By David Bozeman — Will America’s character ultimately be defined by the rabid “Me! Me! Me!” mentality of a teeming mob or by the solemn determination of one man to stand on principle when the best career advice would probably tell him to do the opposite?  Indeed, Governor Scott Walker of Wisconsin is Kipling’s man who “can keep his head when all about him are losing theirs.”

With Election 2012 all the rage, the travails of the sleepy-eyed governor pale next to the Cain saga and Newt’s meteoric ascension in the polls.  But according to The Huffington Post and other outlets, the governor is cancelling an appearance at an upcoming fundraiser in Kansas, where thousands of union employees were threatening to protest.

Earlier this month, Occupy Chicago protestors interrupted his speech at the city’s Union League Club where he was — gasp! — crediting tax cuts for making his state more business friendly.  Walker, of course, is most famous for curtailing the collective bargaining of most public sector unions in his state.  The streets of Madison soon resembled a mass playroom temper-tantrum, but his legislation stands.

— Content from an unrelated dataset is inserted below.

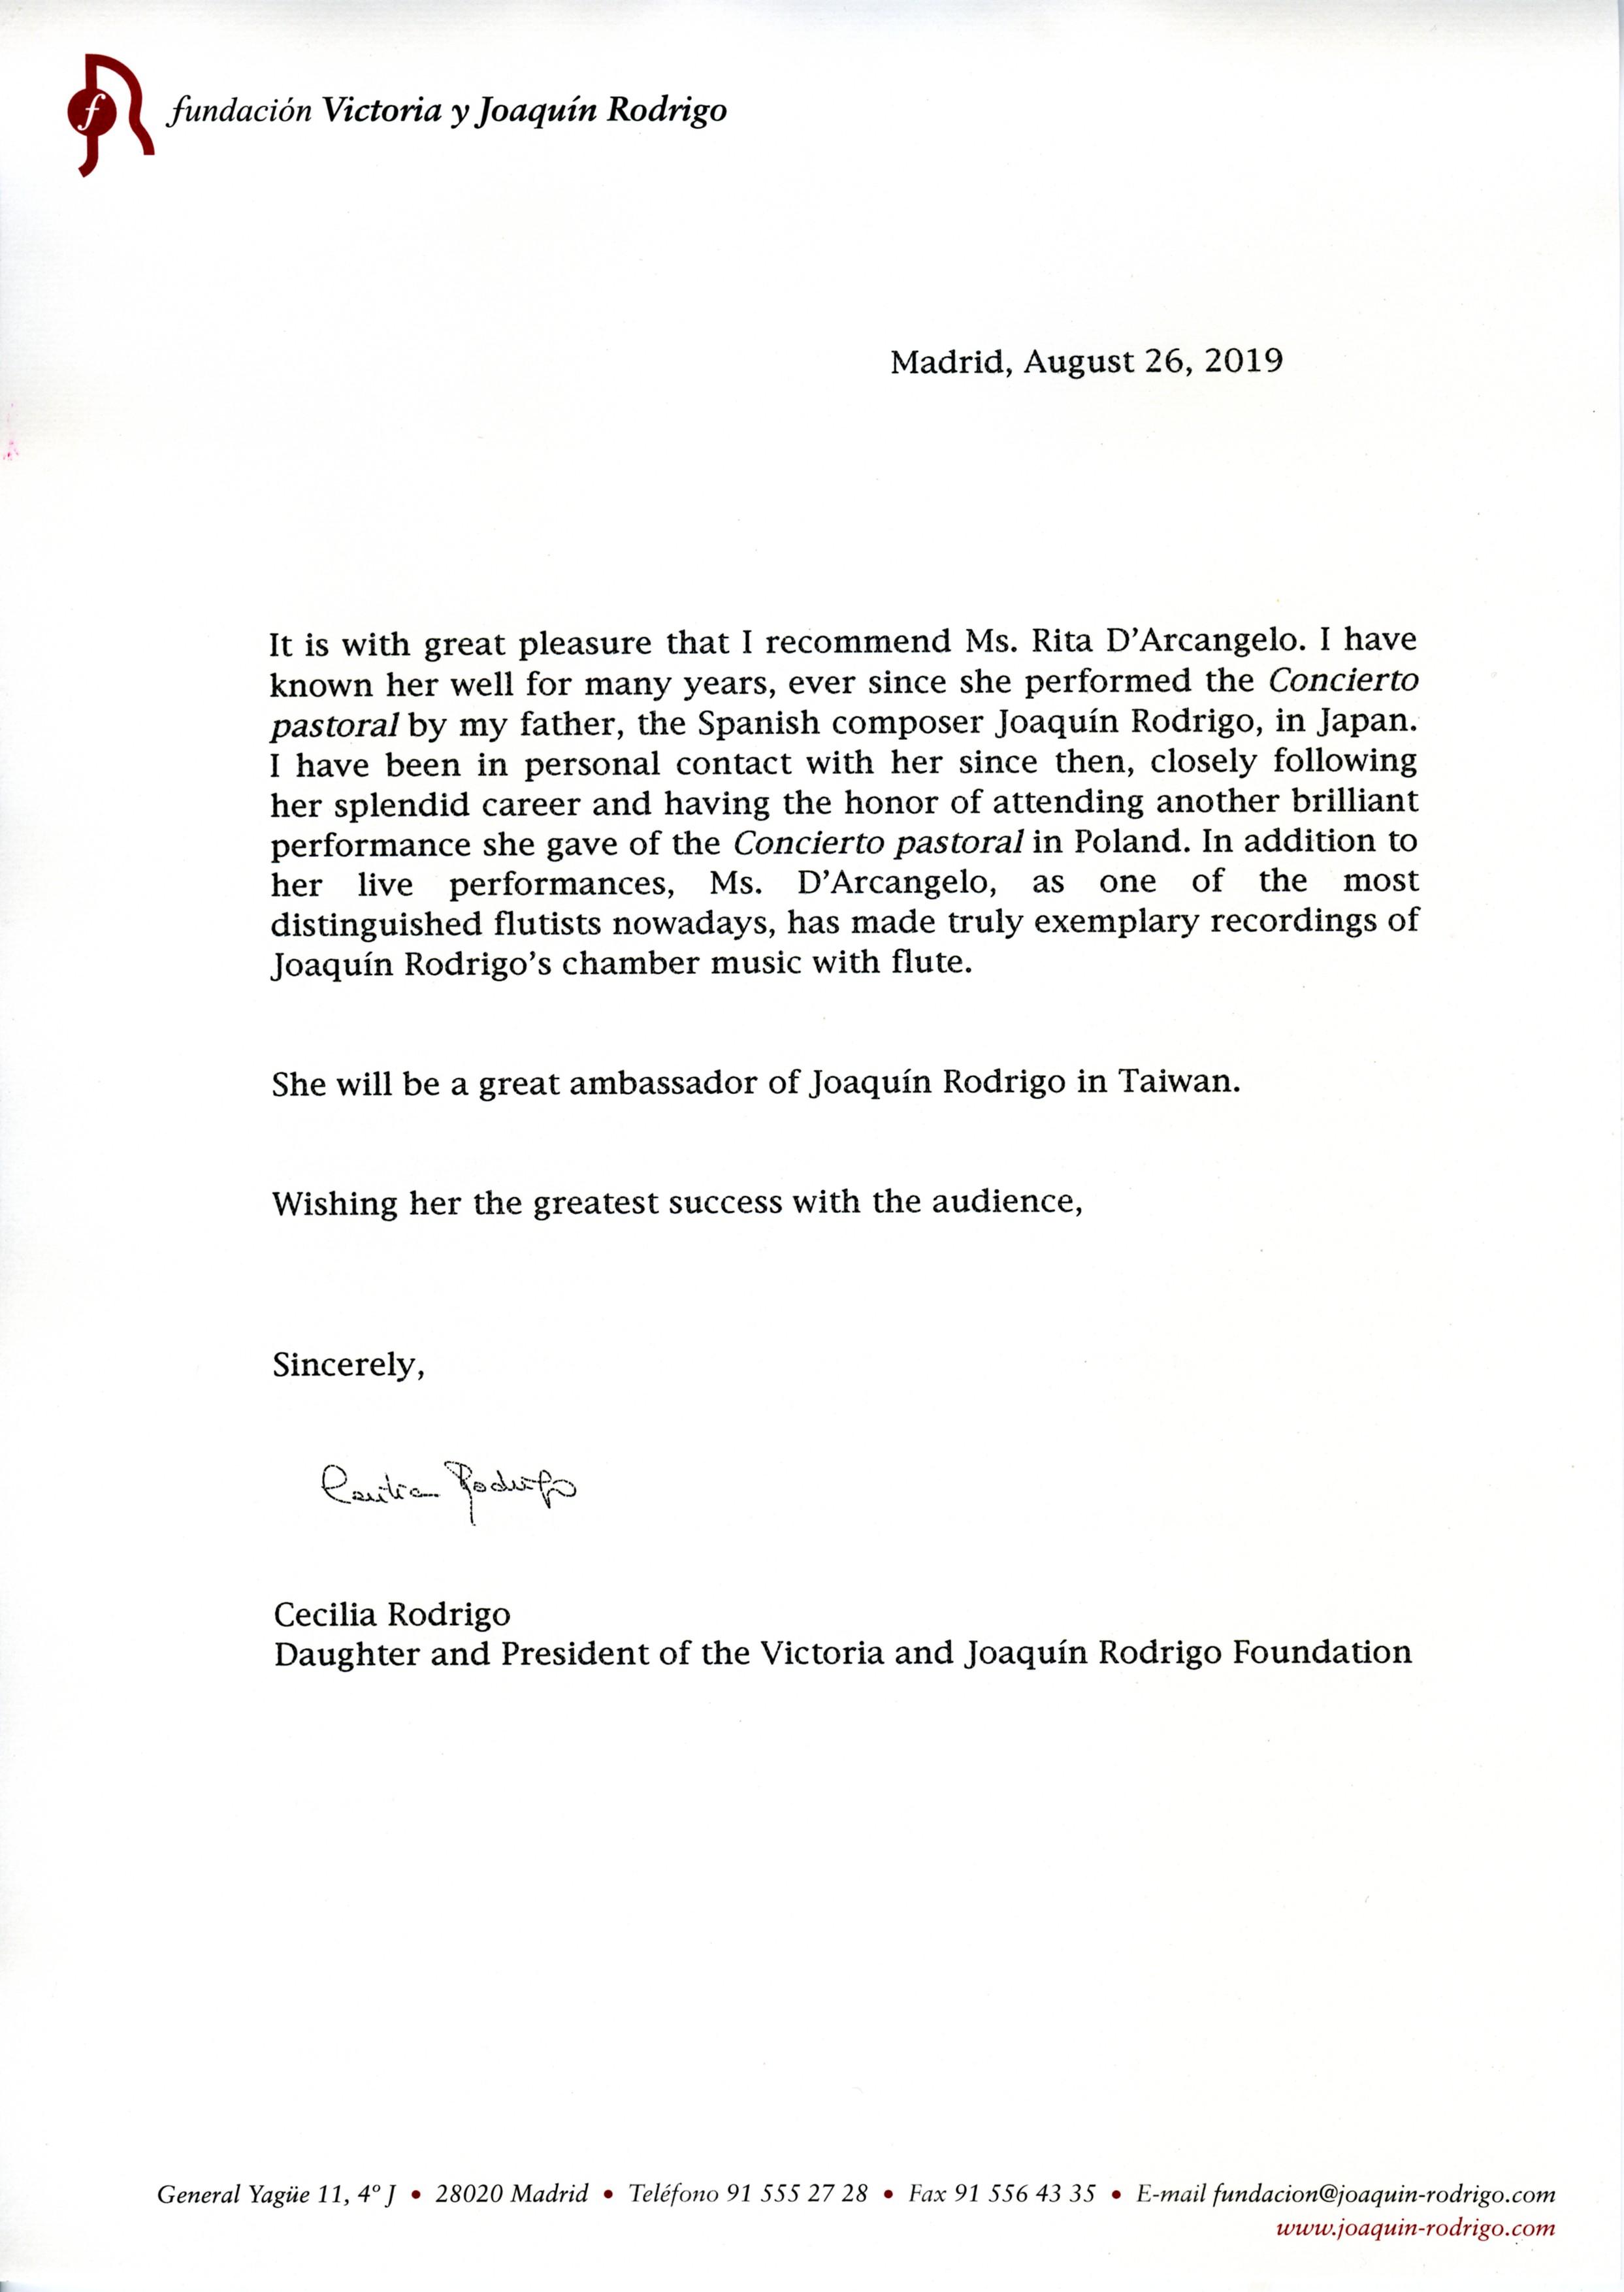 Recommendation letter from Cecilia Rodrigo_20190826.jpg
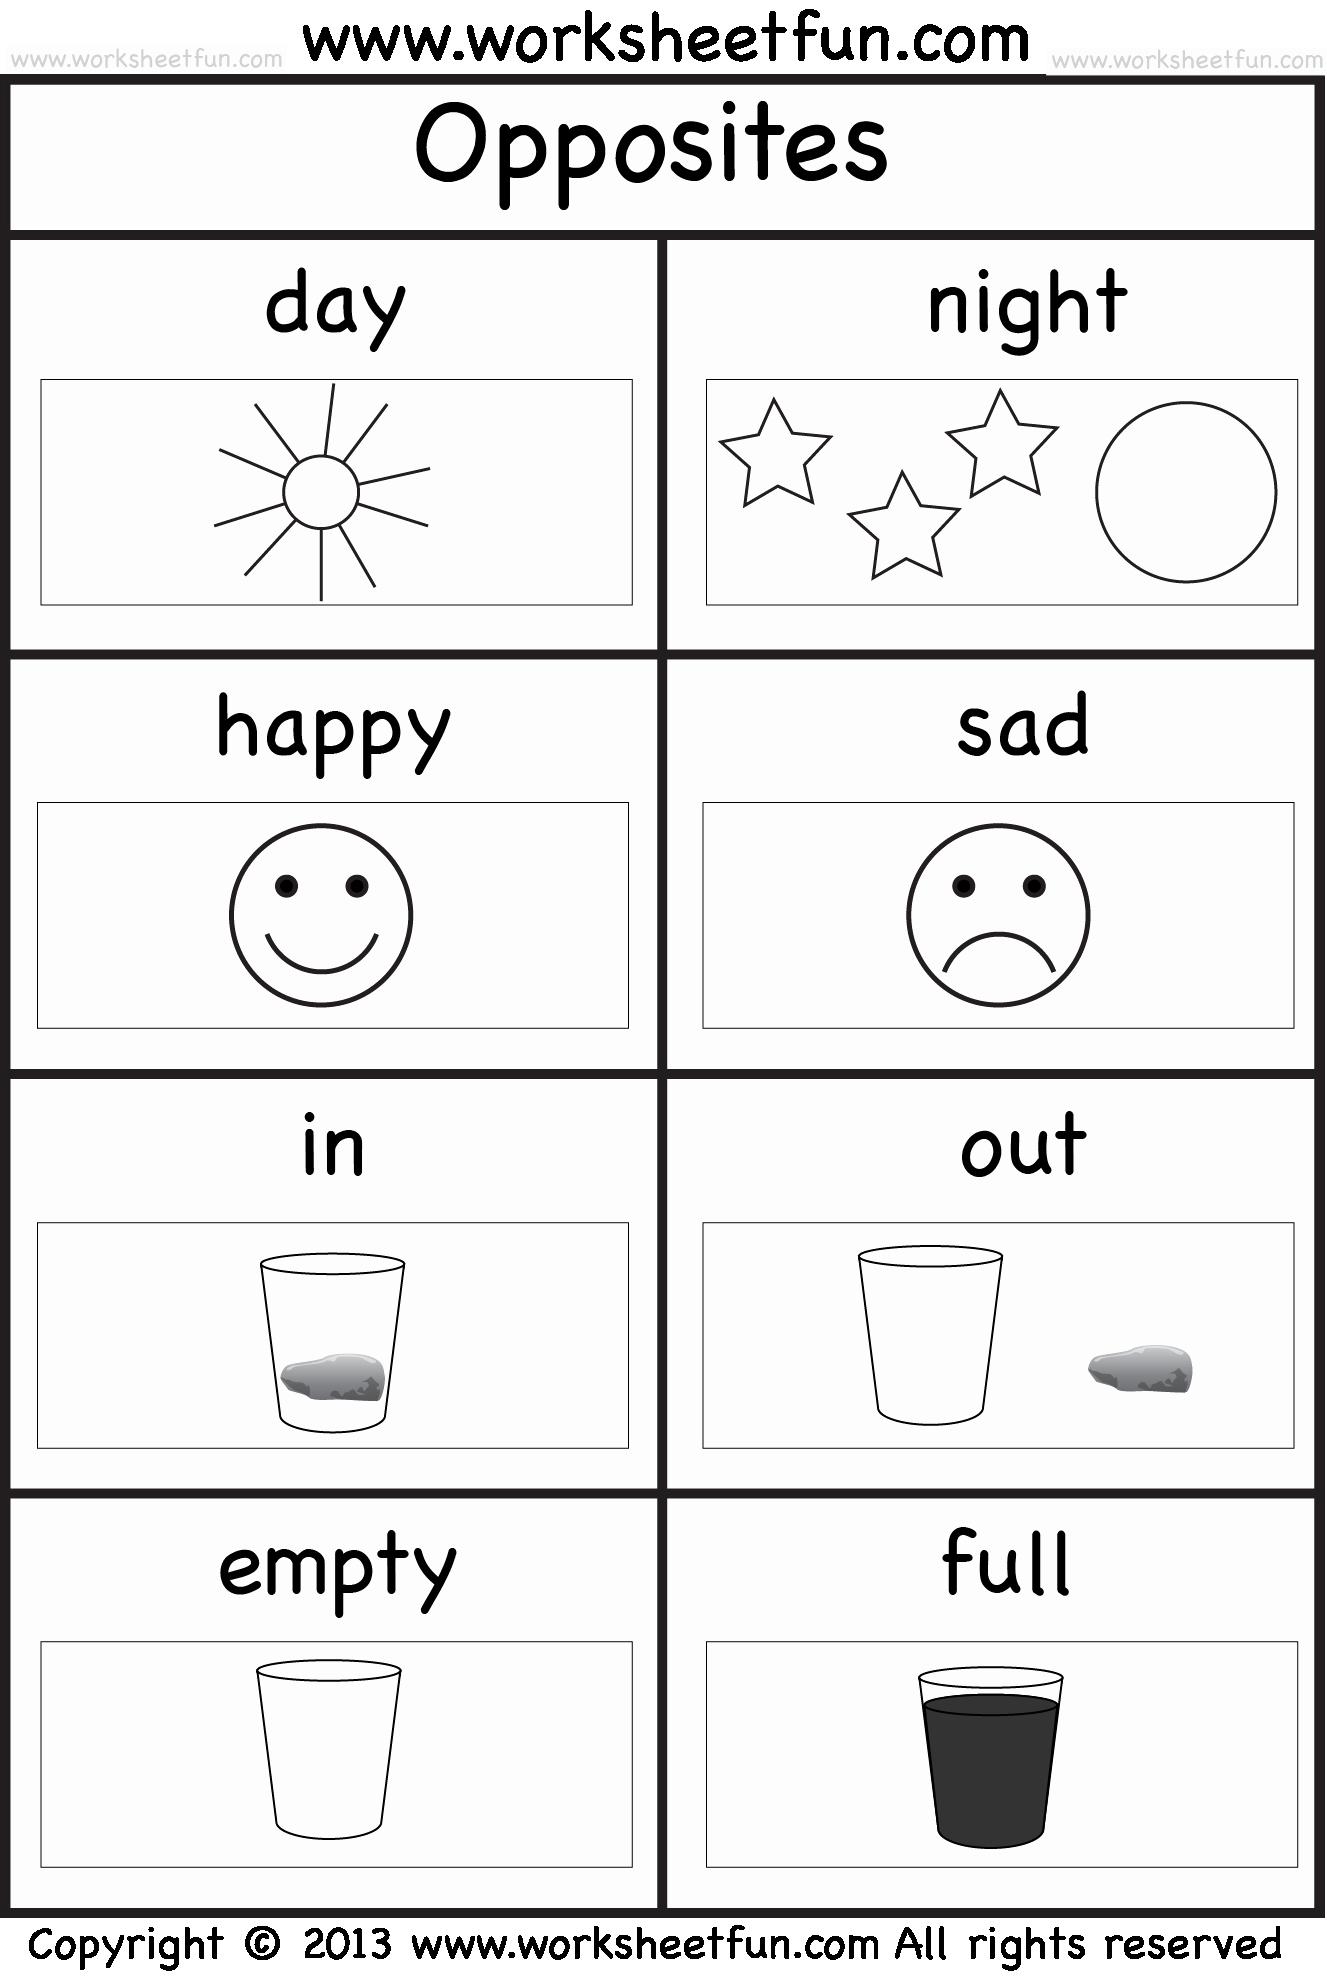 Opposites Preschool Worksheets Unique Opposites – 2 Worksheets Free Printable Worksheets

The governor has been savaged personally, and his speech this June at a Special Olympics ceremony was interrupted by protestors dressed — I’m not kidding — as zombies.  Classy bunch.  Bear in mind, some of these miscreants are teaching your children.  Where are the civility monitors who demand the smelling salts every time Sarah Palin or Rush Limbaugh offers an opinion?

I find it intellectually lazy to embrace public figures just because they are targeted by leftist hordes, but someone as progressively uncool as Scott Walker can’t be all bad:  a Boy Scout, inspired as a youth by Reagan and a champion of tax cuts.

Somehow, New Jersey’s blustery Chris Christie was touted for standing his ground against collectivized labor, but it is Governor Walker who has felt the most heat, and he deserves the moral support of not just every conservative but any American who values limited government and reasoned, issues-oriented discourse.

The governor is now the subject of a recall effort in his state.  Petition drives are underway at this very moment, and activists have already ousted two of six Republicans on ballots this summer for recall.  Men such as Walker, who consider themselves Americans first as opposed to mere extras in a rage-of-the-day production for the nightly news, are all that stand between a free capitalist society and, say, Europe.

At times, America seems precariously close to the statist’s primary (but not ultimate) goal of 51 percent of the population permanently dependent on government, either through direct subsidy or employment or both.  Sealing America’s fate is the fact that those ties between citizen and state are emotional and not to be easily broken by appeals to reason and individual empowerment.

So, the mob members are fueled by the inertia of their mere numbers, and public policy is soon dictated by who can shout the loudest or stand outside the capital the longest waving a sign of Walker with a Hitler mustache.

But the governor never buckled.  Republican primary voters, we are told, are pining for a true conservative voice not swayed by prevailing collectivist passions.  Well, the staid and dignified Walker is your man, at least in terms of standing his ground against public sector unions.  He is no less a statesman than Christie, and while nothing written here should be taken as an official endorsement of any sort, the man just needs to know that small-government patriots have his back, as do all Americans who value sane,  reasoned (albeit passionate) discourse.

Leaders such as Walker seldom seek personal glory, but they do occasionally need the goodwill of supporters.  Greece or the United States of America?  Free, independent citizens or bile-spewing mobs?  Let’s opt for freedom and all hail Scott Walker.

David Bozeman, former Libertarian Party Chairman, is a Liberty Features Syndicated writer.